Some endpoints use simple web application firewall rules that will block IPs. In this case, a rotating proxy can help evade the blocks (and prevent your legitimate traffic from being blocked). Some domains use more sophisticated WAFs like Imperva and will do browser fingerprinting so you'll need even more advanced techniques to scrape successfully.Source: work at a startup that does a lot of scraping and these are issues we've run into. Our entire office network is blocked from some sites due to some early testing without a proxy.
I kind of don't want to use DOMParser because it's browser-only... my web-scrapers have to evolve every few years as the underlying web pages change, so I really want CI tests, so it's easiest to have something that works in node.
As for fingerprinting, you can just use a different computer. Most people probably have a bunch of old computers lying around, right? If not, computers are cheap.
https://github.com/acheong08/ChatGPT-API-agent
Worked pretty well but browsers took up too much memory per tab so automating thousands of accounts (what i wanted) was infeasible
My guess would be that some companies are doing it (I worked at a major tech company that is/was), just not publicizing this fact as crawling/scraping is such a gray legal area.
Um... [0]
If you can elaborate, I would very much appreciate it. I'm always interested in doing better.
Why use Puppeteer etc. when you don't have to? What is the argument for using these additional tools versus not using them?
Of course it's always up to the site owner, but most people want people to read what they share.
very funny, both jokes
You could also try zooming in. My apps don't expand to full width because of the video box but you can zoom.

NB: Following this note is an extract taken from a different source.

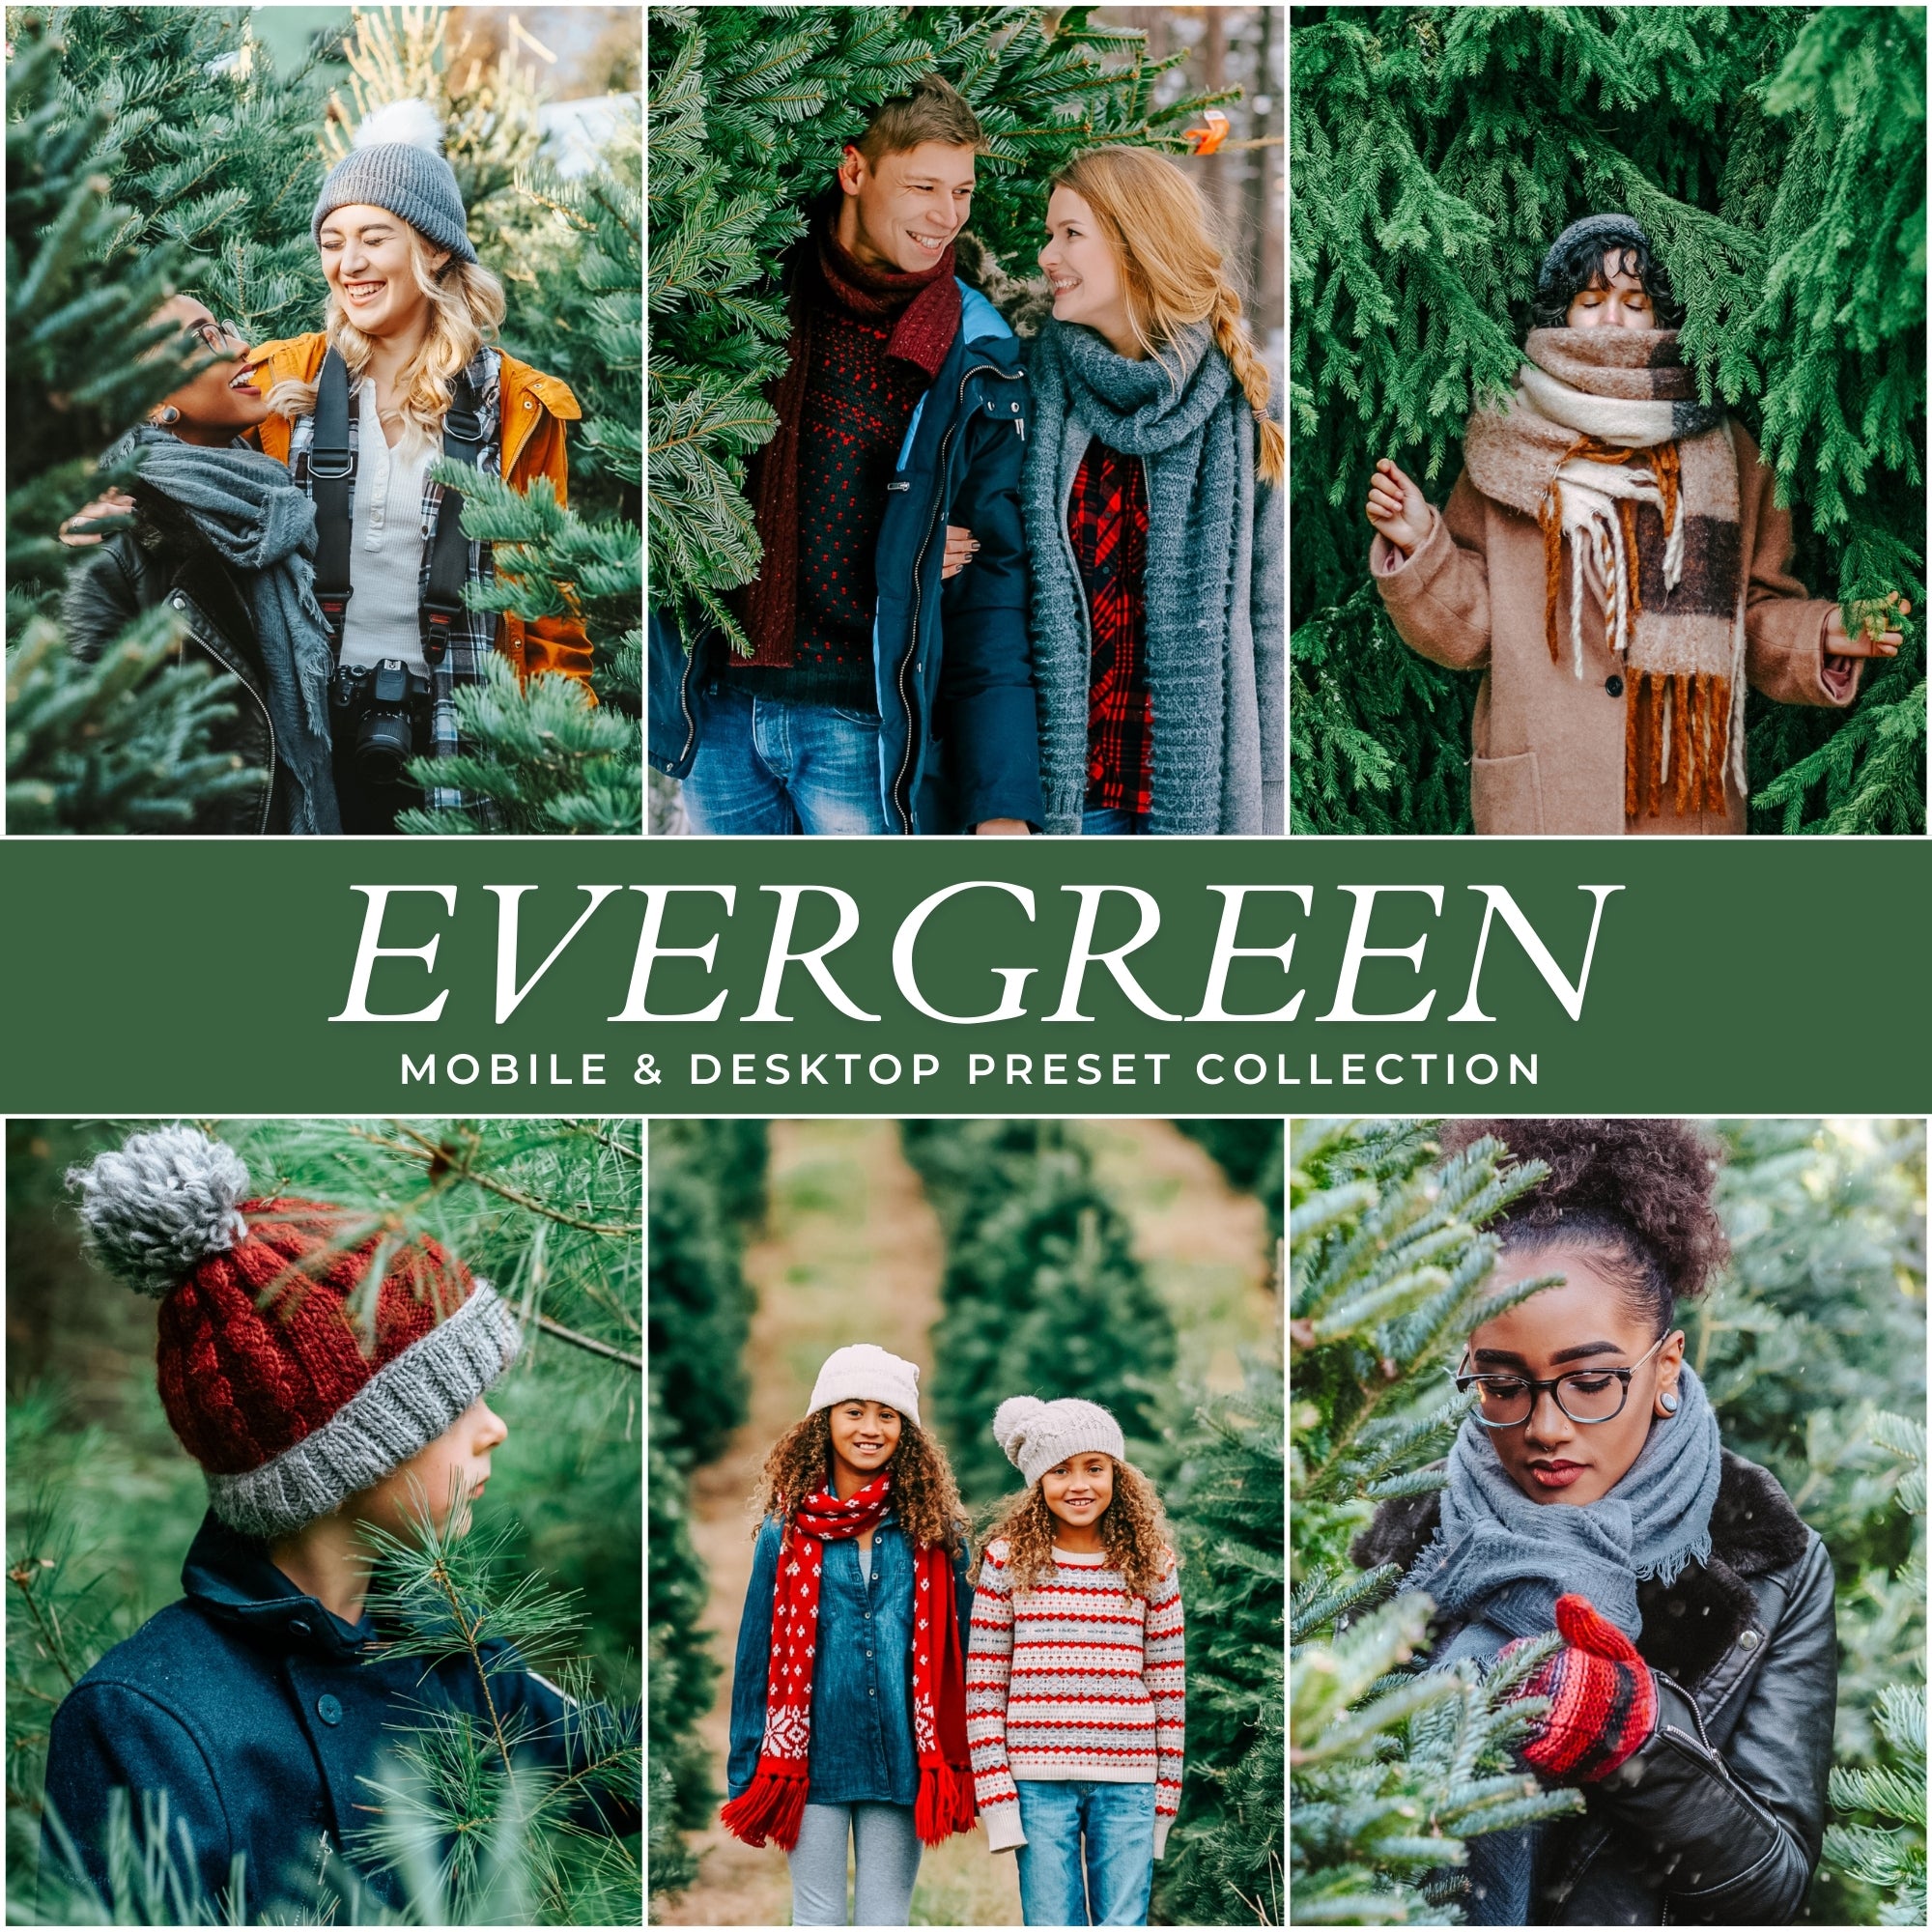 Mobile Christmas Lightroom Presets The Best Photo Editing Preset Filters For Christmas And Winter Holiday Photos with Adobe Lightroom Mobile And Desktop For Photographers and Instagram Influencers By Lou And Marks Presets

With this setup, many sites work, but a few... a few have a top ad banner, a side banner and a footer of 'cookie acceptance'... then add in a 'subscribe to our email' and a google login prompt.... (Game Wiki's.. I game in smaller windows too -- what good is a multi tasking computer if you don't use it?)

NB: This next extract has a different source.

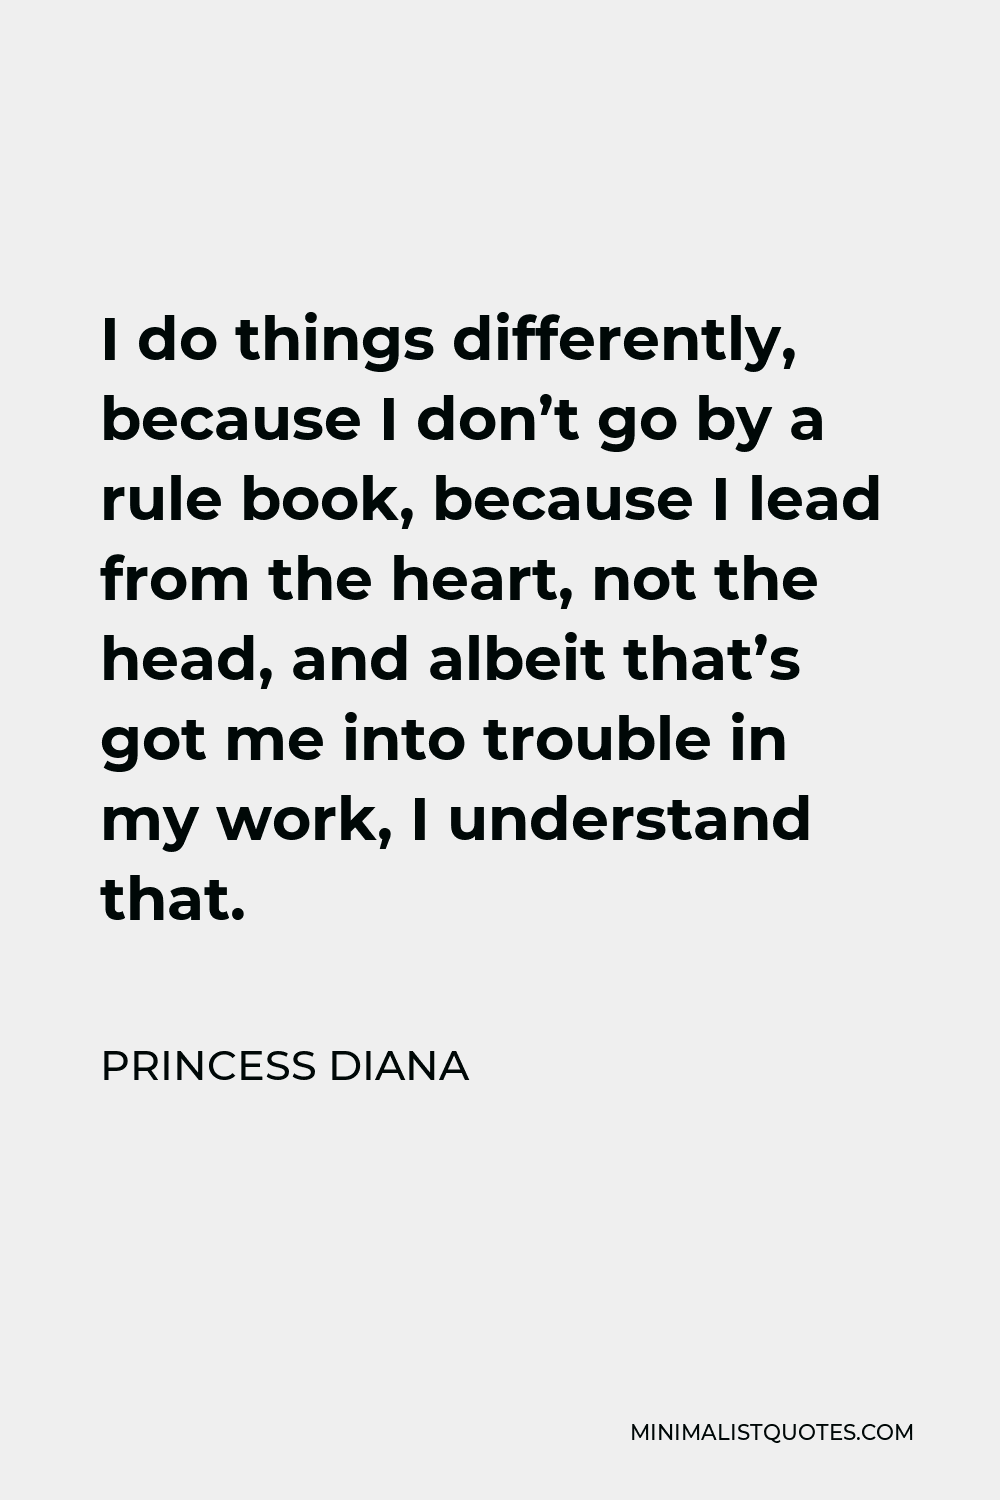 Princess Diana Quote - I do things differently, because I don’t go by a rule book, because I lead from the heart, not the head, and albeit that’s got me into trouble in my work, I understand that.

And Beautiful Soup should be BeautifulSoup. Who makes the rules?
Margins would also be nice on the left and right.
Beautiful Soup is two words. Just look at their website.
I dislike black-on-white and don't understand gray-on-black which seems to be popular now due to gamma settings being cranked up to 11 or something. I try to use some color as an in-between but that may take some time to "perfect".
Since browsers allow users to configure a default font and background color then one possible "happy in-between" would be to set no background color, and set no font color, thereby allowing each user agent (i.e., browser) to display the site with that user's default background and font colors.
In that case, each viewer should get their preferred colors, all without you doing anything.
If you don't need cross-browser and Chrome is all you need, then something like a simple Chrome extension and/or Chrome DevTools Protocol cuts out a lot of middle-man baggage and at least you will be wrangling the browser behavior directly, without any extra idiosyncrasies of middle layers.
Maybe somebody will make a web browser with all of the security locks disabled. Sort of like the Russian commander in "Hunting for Red October" who disabled his missiles' security features in order to more effectively target the American sub but then got blown up by his own missile.